Obesity in India is defined as body mass index [BMI: Weight (kg)/ Height (m)2] more than 27.5 kg/m2 (normal BMI is between 18 to 23 kg/m2) and people with BMI more than 32.5 kg/m2 and 37.5 kg/m2 are defined as severely obese and morbidly obese respectively. Obesity is a chronic disease with accumulation of excessive body fat and subsequent risk for development of medical conditions like diabetes mellitus (DM), hypertension (HT), obstructive sleep apnoea (OSA), degenerative joint disease, hyperlipidemia (HPL), hyperuricemia, fatty liver, depression, polycystic ovarian disease (PCOD) and asthma to name a few. Thus obesity adversely affects all the organs and lead to constellation of symptoms referred to as Metabolic Syndrome of Obesity.

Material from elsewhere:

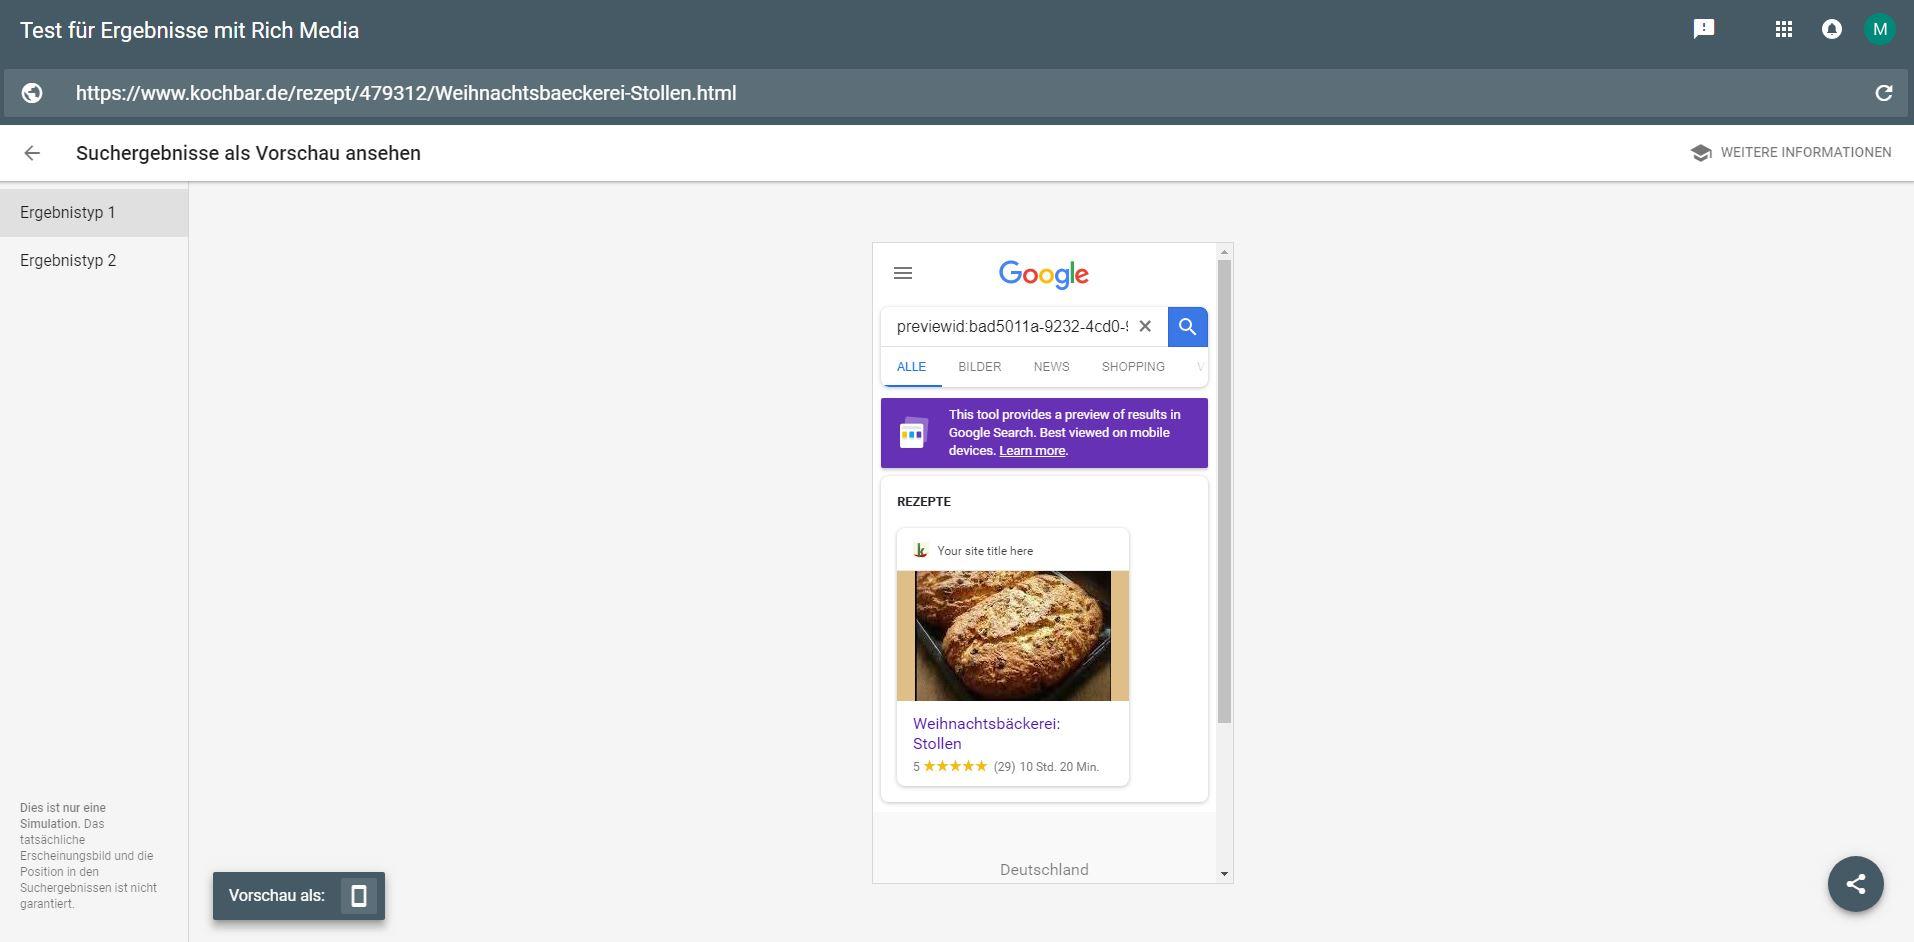 Test für Ergebnisse mit Rich Media - Preview Funktion in Google Search Console

People with morbid obesity (BMI > 37.5 kg/m2) have 50% to 100% higher mortality rates. There is also emotional effect of obesity where obese patient suffers neglect from society and thus are prone to develop mental symptom like depression, anxiety and eating disorders. So Bariatric surgery or weight loss surgery or metabolic surgery is a life style modification surgery which not only reduces weight but through its hormonal effect it cures/ controls the medical conditions associated with it. Its effect on glucose control and other metabolic problems is striking, which can be seen soon after the procedure and even before there is significant reduction in weight.

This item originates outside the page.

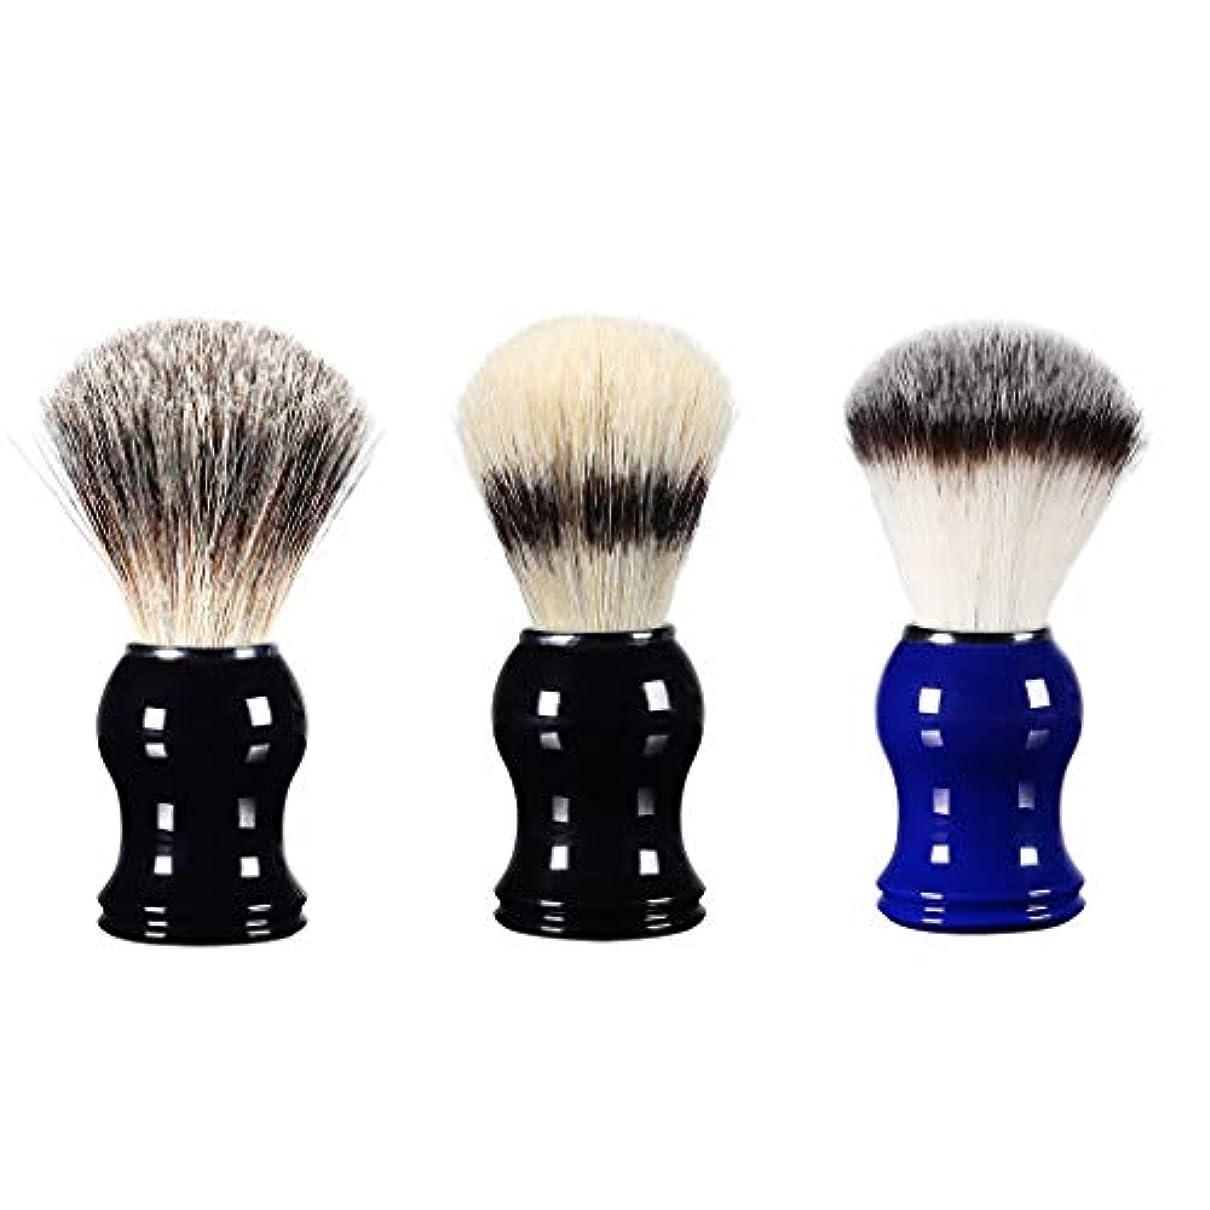 叙情的なスワップどきどきシェービング用ブラシ メンズ 理容 洗顔 髭剃り 泡立ち 3個入

Bariatric surgery is indicated if a patient is morbidly obese (BMI > 37.5 kg/m2) or severely obese (BMI > 32.5 kg/m2) with seriously related diseases like DM, HT, OSA and others as explained above. It can be safely done in patients between 18 to 65 years of age who have failed weight loss alternatives like dieting, exercise and behavior modification programs and who are committed to healthy life style. The patient not only reduces extra fat but many obesity related conditions like Diabetes, high blood pressure, sleep apnea, heart diseases are resolved or significantly improved. PCOD and resulting infertility is also greatly improved. Patient can become pregnant after 18 months to 2 years after surgery and Overall quality of life is improved in 95% of patients and mortality is reduced in 89% of patients.
There are various ways for doing bariatric surgery like Sleeve gastrectomy which restricts the food intake and Gastric Bypass (Roux- en-y and Mini Gastric Bypass) which also limits the absorption of ingested food. All the bariatric surgeries are done laparoscopically by making several small incisions (4 to 6) ranging from 5 to 15mm, through which the surgeon inserts laparoscopic instruments to perform the surgery. Patients usually go home two to three days after surgery. Laparoscopic Sleeve Gastrectomy (Fig 1) is accomplished by cutting away the outer portion of the stomach, leaving a small tube or sleeve of stomach. This reduces the stomach volume by about 80%. The stomach is now like a hockey stick shaped organ, which holds less food and produces less acid. In addition, the part of the stomach that produces the hormone implicated in hunger (Ghrelin) is also removed and therefore there is a component of appetite suppression. In Laparoscopic roux en y gastric bypass (Fig 2), a small stomach pouch (25-30 ml) is created with a stapler device, and connected to the distal small intestine. The upper part of the small intestine is then reattached in a Y-shaped configuration. Laparoscopic Mini Gastric bypass (Fig 3) consists of forming a long gastric tube and attaching it 200 cm down to small bowel with single anastomosis. Unlike conventional gastric bypass it has fewer early and long term complications and can achieve weight loss similar to it. The disadvantage is bile reflux which is mentioned but practically very few patients observe it.
Sleeve Gastrectomy (Fig.1) Roux en Y Gastric bypass (Fig. 2) Mini Gastric Bypass (Fig 3)
Nowadays with the advent of new stapling devices, the risks associated with the procedure are negligible and are like any other laparoscopic surgery. Patient can go home after 2 to3 days and start their routine work after 1 week and strenuous activity after 6 weeks. The diet after surgery goes through various phases starting from all liquid diet to semisolid to complete diet over 6 to 8 weeks. The complete diet is small in amount and has to be taken more frequently and food has to be chewed properly and patient has to avoid intake of water, liquids 30 minutes before and after meals. The striking control of Diabetes is seen soon after the surgery and even before any significant weight loss. The theories suggested are diet control immediately after surgery as patient is on liquid sugar free diet and hormonal changes (Ghrelin and Integrins) which produce satiety and have similar actions like insulin. Also when person reduces weight they are more mobile and whatever Insulin they are producing works better as there is reduction in Insulin resistance. Also the weight loss produced is sustainable and it has been shown that surgery improves patient’s desire and dedication for a healthy and better life. Apart from change in appearance, surgery brings new hope, improves self confidence and positivity in patient’s thought process. Thus this surgery changes life style and gives new unimaginable dimensions to life.